- Source information

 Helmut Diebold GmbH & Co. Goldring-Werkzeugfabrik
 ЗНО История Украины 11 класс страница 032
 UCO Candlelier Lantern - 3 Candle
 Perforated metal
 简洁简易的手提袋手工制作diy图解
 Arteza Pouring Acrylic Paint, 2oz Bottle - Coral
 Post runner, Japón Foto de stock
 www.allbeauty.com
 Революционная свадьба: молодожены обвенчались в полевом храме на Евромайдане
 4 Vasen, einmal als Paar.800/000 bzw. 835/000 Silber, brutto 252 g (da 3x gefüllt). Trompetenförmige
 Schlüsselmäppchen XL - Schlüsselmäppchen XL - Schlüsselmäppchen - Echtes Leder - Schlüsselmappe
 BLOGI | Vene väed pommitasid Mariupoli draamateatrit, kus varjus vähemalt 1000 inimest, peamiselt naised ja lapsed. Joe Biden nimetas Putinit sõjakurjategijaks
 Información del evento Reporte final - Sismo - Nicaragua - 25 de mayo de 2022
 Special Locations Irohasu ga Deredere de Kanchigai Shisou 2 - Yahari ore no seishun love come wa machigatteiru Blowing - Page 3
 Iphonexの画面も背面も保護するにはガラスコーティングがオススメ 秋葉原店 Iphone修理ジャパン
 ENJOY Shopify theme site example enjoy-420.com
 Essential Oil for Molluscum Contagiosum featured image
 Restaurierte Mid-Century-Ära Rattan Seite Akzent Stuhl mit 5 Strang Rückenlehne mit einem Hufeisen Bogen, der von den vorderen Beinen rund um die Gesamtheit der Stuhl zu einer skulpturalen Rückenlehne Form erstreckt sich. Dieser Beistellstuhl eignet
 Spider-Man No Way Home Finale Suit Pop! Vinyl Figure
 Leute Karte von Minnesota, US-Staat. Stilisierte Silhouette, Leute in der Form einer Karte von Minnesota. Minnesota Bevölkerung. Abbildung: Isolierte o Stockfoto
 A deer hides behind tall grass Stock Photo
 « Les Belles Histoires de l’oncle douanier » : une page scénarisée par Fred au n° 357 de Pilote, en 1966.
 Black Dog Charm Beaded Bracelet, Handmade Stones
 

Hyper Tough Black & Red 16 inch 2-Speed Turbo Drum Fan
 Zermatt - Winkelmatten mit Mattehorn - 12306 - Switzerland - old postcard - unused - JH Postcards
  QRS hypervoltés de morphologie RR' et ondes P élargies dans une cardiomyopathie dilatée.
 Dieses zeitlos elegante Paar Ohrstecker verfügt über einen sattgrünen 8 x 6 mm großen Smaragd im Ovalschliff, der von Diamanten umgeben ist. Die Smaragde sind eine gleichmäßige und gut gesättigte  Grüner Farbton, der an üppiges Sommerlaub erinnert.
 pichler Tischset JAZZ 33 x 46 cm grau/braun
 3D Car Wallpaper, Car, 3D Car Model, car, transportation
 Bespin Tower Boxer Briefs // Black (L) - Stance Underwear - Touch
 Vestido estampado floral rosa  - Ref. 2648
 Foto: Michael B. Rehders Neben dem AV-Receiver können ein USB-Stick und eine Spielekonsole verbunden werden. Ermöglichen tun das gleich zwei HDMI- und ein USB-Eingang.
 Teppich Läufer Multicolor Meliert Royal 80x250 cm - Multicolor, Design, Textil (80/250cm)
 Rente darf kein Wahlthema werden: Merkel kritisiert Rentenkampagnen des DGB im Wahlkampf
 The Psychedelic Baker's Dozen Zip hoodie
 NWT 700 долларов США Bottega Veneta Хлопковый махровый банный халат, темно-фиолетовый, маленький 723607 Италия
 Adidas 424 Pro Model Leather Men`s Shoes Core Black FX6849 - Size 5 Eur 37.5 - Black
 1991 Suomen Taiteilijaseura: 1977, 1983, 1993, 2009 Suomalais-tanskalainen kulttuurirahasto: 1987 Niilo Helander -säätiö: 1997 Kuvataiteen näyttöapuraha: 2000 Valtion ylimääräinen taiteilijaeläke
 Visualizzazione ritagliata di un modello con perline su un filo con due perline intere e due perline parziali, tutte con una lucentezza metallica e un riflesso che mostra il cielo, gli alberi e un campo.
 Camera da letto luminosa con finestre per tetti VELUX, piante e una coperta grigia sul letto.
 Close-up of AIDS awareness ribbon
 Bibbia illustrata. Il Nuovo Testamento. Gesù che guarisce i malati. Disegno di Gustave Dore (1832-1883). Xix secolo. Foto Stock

- Problem statement
Each line of the data should be reproduced exactly as it appears.

- Answer space
 Helmut Diebold GmbH & Co. Goldring-Werkzeugfabrik
 ЗНО История Украины 11 класс страница 032
 UCO Candlelier Lantern - 3 Candle
 Perforated metal
 简洁简易的手提袋手工制作diy图解
 Arteza Pouring Acrylic Paint, 2oz Bottle - Coral
 Post runner, Japón Foto de stock
 www.allbeauty.com
 Революционная свадьба: молодожены обвенчались в полевом храме на Евромайдане
 4 Vasen, einmal als Paar.800/000 bzw. 835/000 Silber, brutto 252 g (da 3x gefüllt). Trompetenförmige
 Schlüsselmäppchen XL - Schlüsselmäppchen XL - Schlüsselmäppchen - Echtes Leder - Schlüsselmappe
 BLOGI | Vene väed pommitasid Mariupoli draamateatrit, kus varjus vähemalt 1000 inimest, peamiselt naised ja lapsed. Joe Biden nimetas Putinit sõjakurjategijaks
 Información del evento Reporte final - Sismo - Nicaragua - 25 de mayo de 2022
 Special Locations Irohasu ga Deredere de Kanchigai Shisou 2 - Yahari ore no seishun love come wa machigatteiru Blowing - Page 3
 Iphonexの画面も背面も保護するにはガラスコーティングがオススメ 秋葉原店 Iphone修理ジャパン
 ENJOY Shopify theme site example enjoy-420.com
 Essential Oil for Molluscum Contagiosum featured image
 Restaurierte Mid-Century-Ära Rattan Seite Akzent Stuhl mit 5 Strang Rückenlehne mit einem Hufeisen Bogen, der von den vorderen Beinen rund um die Gesamtheit der Stuhl zu einer skulpturalen Rückenlehne Form erstreckt sich. Dieser Beistellstuhl eignet
 Spider-Man No Way Home Finale Suit Pop! Vinyl Figure
 Leute Karte von Minnesota, US-Staat. Stilisierte Silhouette, Leute in der Form einer Karte von Minnesota. Minnesota Bevölkerung. Abbildung: Isolierte o Stockfoto
 A deer hides behind tall grass Stock Photo
 « Les Belles Histoires de l’oncle douanier » : une page scénarisée par Fred au n° 357 de Pilote, en 1966.
 Black Dog Charm Beaded Bracelet, Handmade Stones
 

Hyper Tough Black & Red 16 inch 2-Speed Turbo Drum Fan
 Zermatt - Winkelmatten mit Mattehorn - 12306 - Switzerland - old postcard - unused - JH Postcards
  QRS hypervoltés de morphologie RR' et ondes P élargies dans une cardiomyopathie dilatée.
 Dieses zeitlos elegante Paar Ohrstecker verfügt über einen sattgrünen 8 x 6 mm großen Smaragd im Ovalschliff, der von Diamanten umgeben ist. Die Smaragde sind eine gleichmäßige und gut gesättigte  Grüner Farbton, der an üppiges Sommerlaub erinnert.
 pichler Tischset JAZZ 33 x 46 cm grau/braun
 3D Car Wallpaper, Car, 3D Car Model, car, transportation
 Bespin Tower Boxer Briefs // Black (L) - Stance Underwear - Touch
 Vestido estampado floral rosa  - Ref. 2648
 Foto: Michael B. Rehders Neben dem AV-Receiver können ein USB-Stick und eine Spielekonsole verbunden werden. Ermöglichen tun das gleich zwei HDMI- und ein USB-Eingang.
 Teppich Läufer Multicolor Meliert Royal 80x250 cm - Multicolor, Design, Textil (80/250cm)
 Rente darf kein Wahlthema werden: Merkel kritisiert Rentenkampagnen des DGB im Wahlkampf
 The Psychedelic Baker's Dozen Zip hoodie
 NWT 700 долларов США Bottega Veneta Хлопковый махровый банный халат, темно-фиолетовый, маленький 723607 Италия
 Adidas 424 Pro Model Leather Men`s Shoes Core Black FX6849 - Size 5 Eur 37.5 - Black
 1991 Suomen Taiteilijaseura: 1977, 1983, 1993, 2009 Suomalais-tanskalainen kulttuurirahasto: 1987 Niilo Helander -säätiö: 1997 Kuvataiteen näyttöapuraha: 2000 Valtion ylimääräinen taiteilijaeläke
 Visualizzazione ritagliata di un modello con perline su un filo con due perline intere e due perline parziali, tutte con una lucentezza metallica e un riflesso che mostra il cielo, gli alberi e un campo.
 Camera da letto luminosa con finestre per tetti VELUX, piante e una coperta grigia sul letto.
 Close-up of AIDS awareness ribbon
 Bibbia illustrata. Il Nuovo Testamento. Gesù che guarisce i malati. Disegno di Gustave Dore (1832-1883). Xix secolo. Foto Stock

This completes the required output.